Consider that in order to move all the way from concept to prototype to marketable product, every idea has to pass through a succession of filters. Is the idea possible within the laws of physics as they’re currently understood? Then forget retro-causality (time machines), perpetual motion, faster than light travel/communication, etc. Do our existing, or soon to be existing, engineering capabilities, materials, tolerances, etc., allow us to realize the idea or will it remain on the drawing board for centuries, as did Leonardo da Vinci’s flying machines or Charles Babbage’s Difference Engine? Can a need be established? That is, can consumers, corporations, or the military be convinced this is something they must have? Because without a perceived need, it will surely go the way of the Edsel.
And what of other institutions? Regulatory bodies, insurers, political organizations and others must be persuaded to support or at least tolerate and accept the new tech. And ultimately is this an idea that is right for its time? An invention must fit within the established mores, accepted behaviors and realities of user understanding and functionality. Without all of these, the idea will die stillborn. Given all this, it may seem a miracle any new tech ever comes to life and gets the opportunity to walk the earth, even if only for a few years.
So all this said, I’m going to forecast that the revisited concept of a wrist-worn computer in the form of a smartwatch, be it an iWatch, a Pebble, or what have you, will be very short-lived. Don’t get me wrong. These are going to be pushed into the market because so many corporations have jumped on the bandwagon and they all smell profit. But really, most of this Dick Tracy, two-way radio concept was technologically feasible over a decade ago. That’s when these companies should’ve been pushing it. Not now, just when all manner of head mounted displays (HMDs), such as Google Glass are just coming to market.
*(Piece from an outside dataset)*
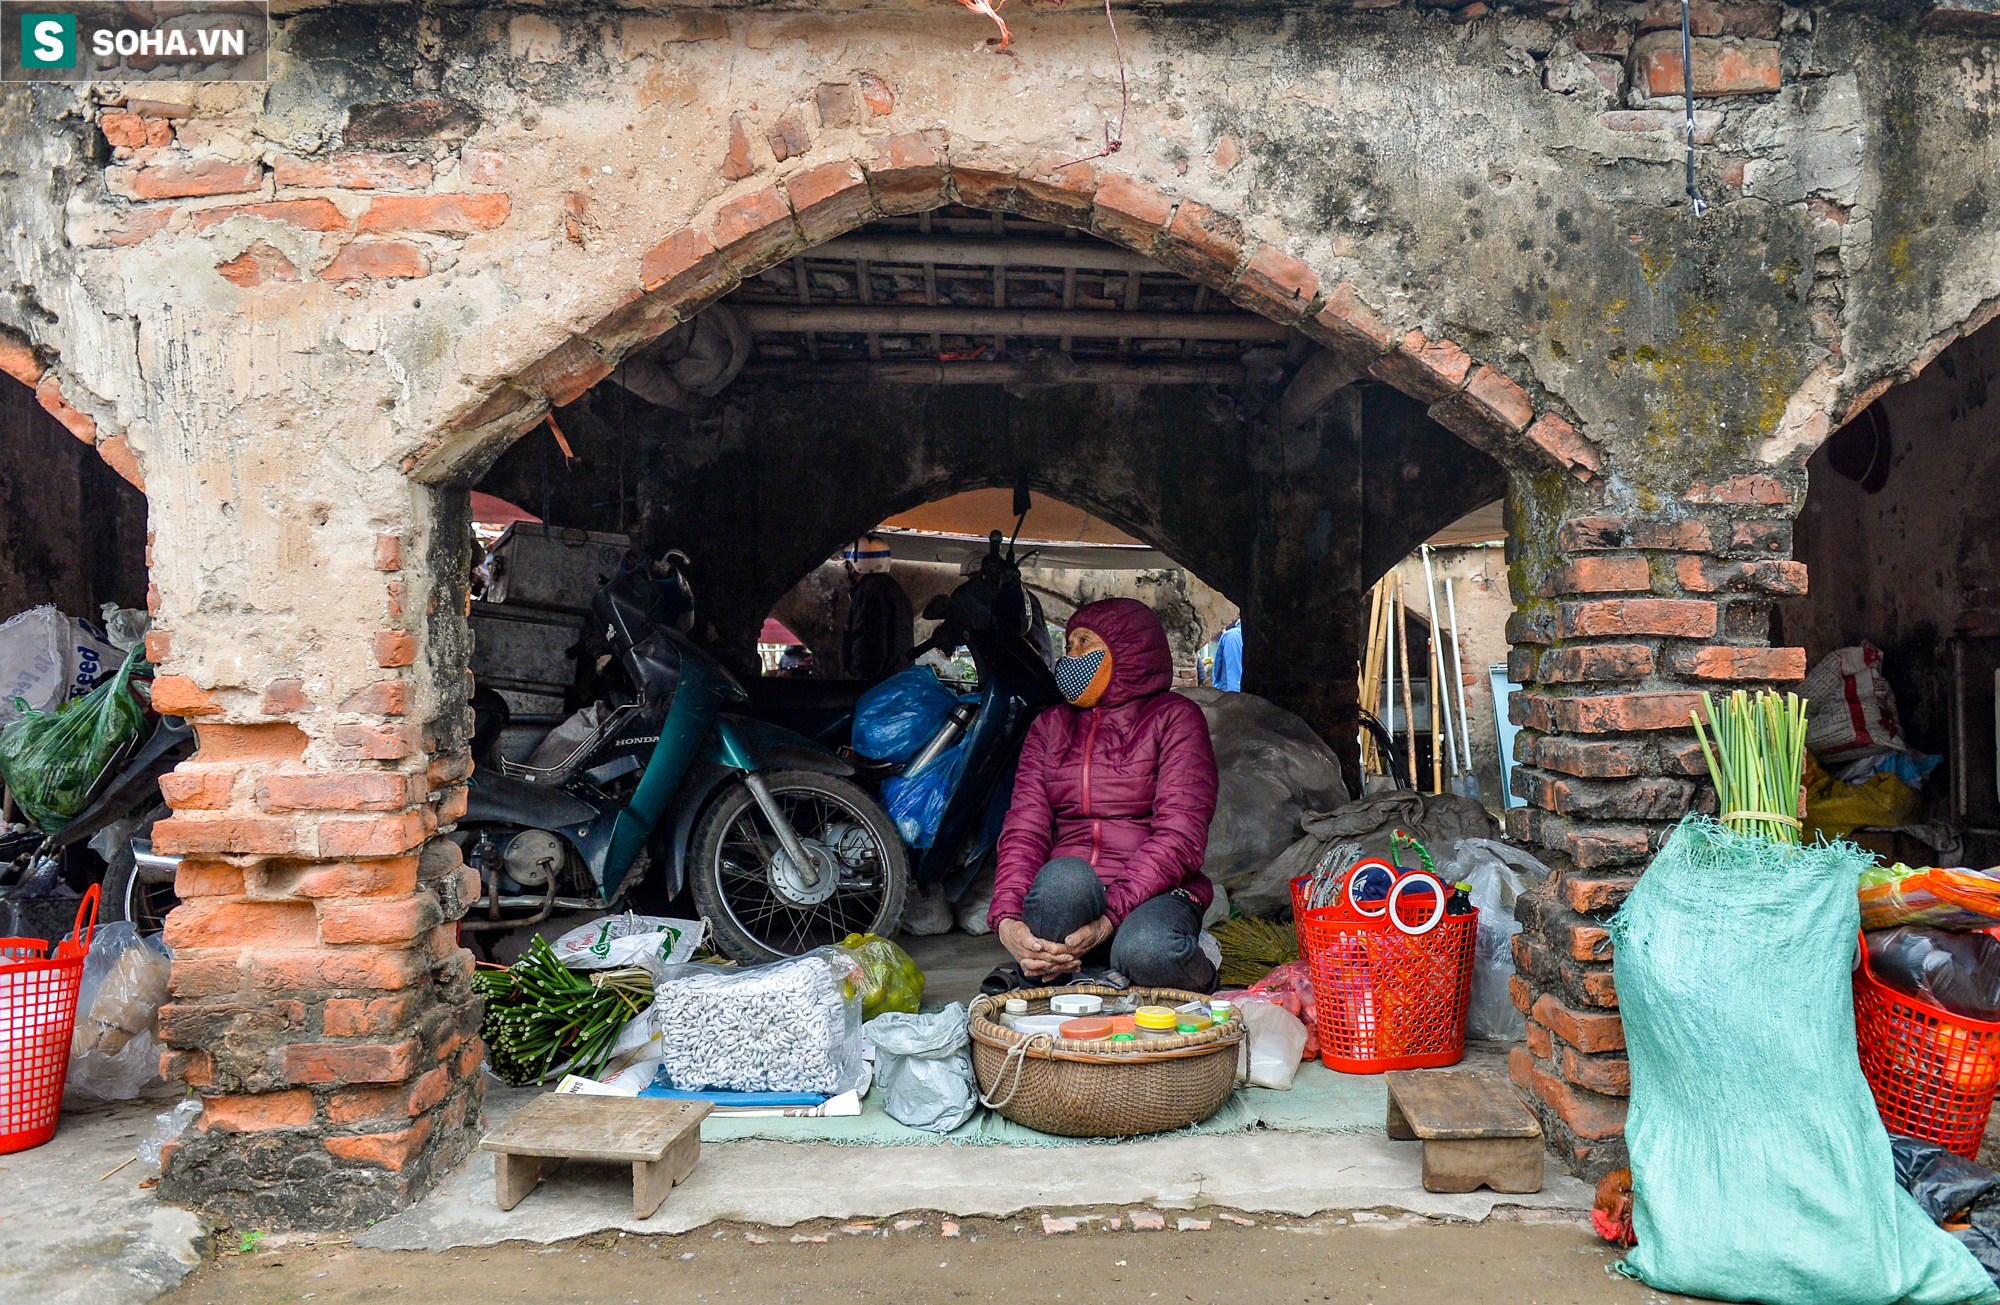 Nam Định: Phiên giáp Tết ở một chợ cổ có tuổi đời gần 700 năm - Ảnh 3.

Think about it: Why would anyone want to obviously look down at their wrist instead of surreptitiously glancing at an eye level monitor? Why obliterate your view and call attention to yourself when snapping a picture, when you could do it by subtly turning your head and issuing an eye-tracked command or vocal instruction – and soon a subvocal one? Why pass up the ability to have virtual images and data superimposed over the real world as augmented reality comes online? And WHY would you want to squint at an image so small it can fit on your wrist (or else be encumbered by an oversized wearable), when considerably better, larger display interfaces will be available? Short of projecting an image (creating all kinds of stabilization challenges), watches will remain limited in their usable display size, because of our eyes’ typical minimum focusing distance. In the meantime, HMDs, retinal displays, and in the next decade, active contact lenses, will provide ever-larger, more immersive display experiences.
Of course, HMDs will have their own challenges. We can’t ignore that for a time, there will be some resistance to the new headware. There are always those who reject the new because they feel threatened by it’s arrival. It’s natural and at times it may even be appropriate. But this isn’t one of those times. Turning to inferior technologies and interfaces is rarely a winning strategy. Ignoring the future never is.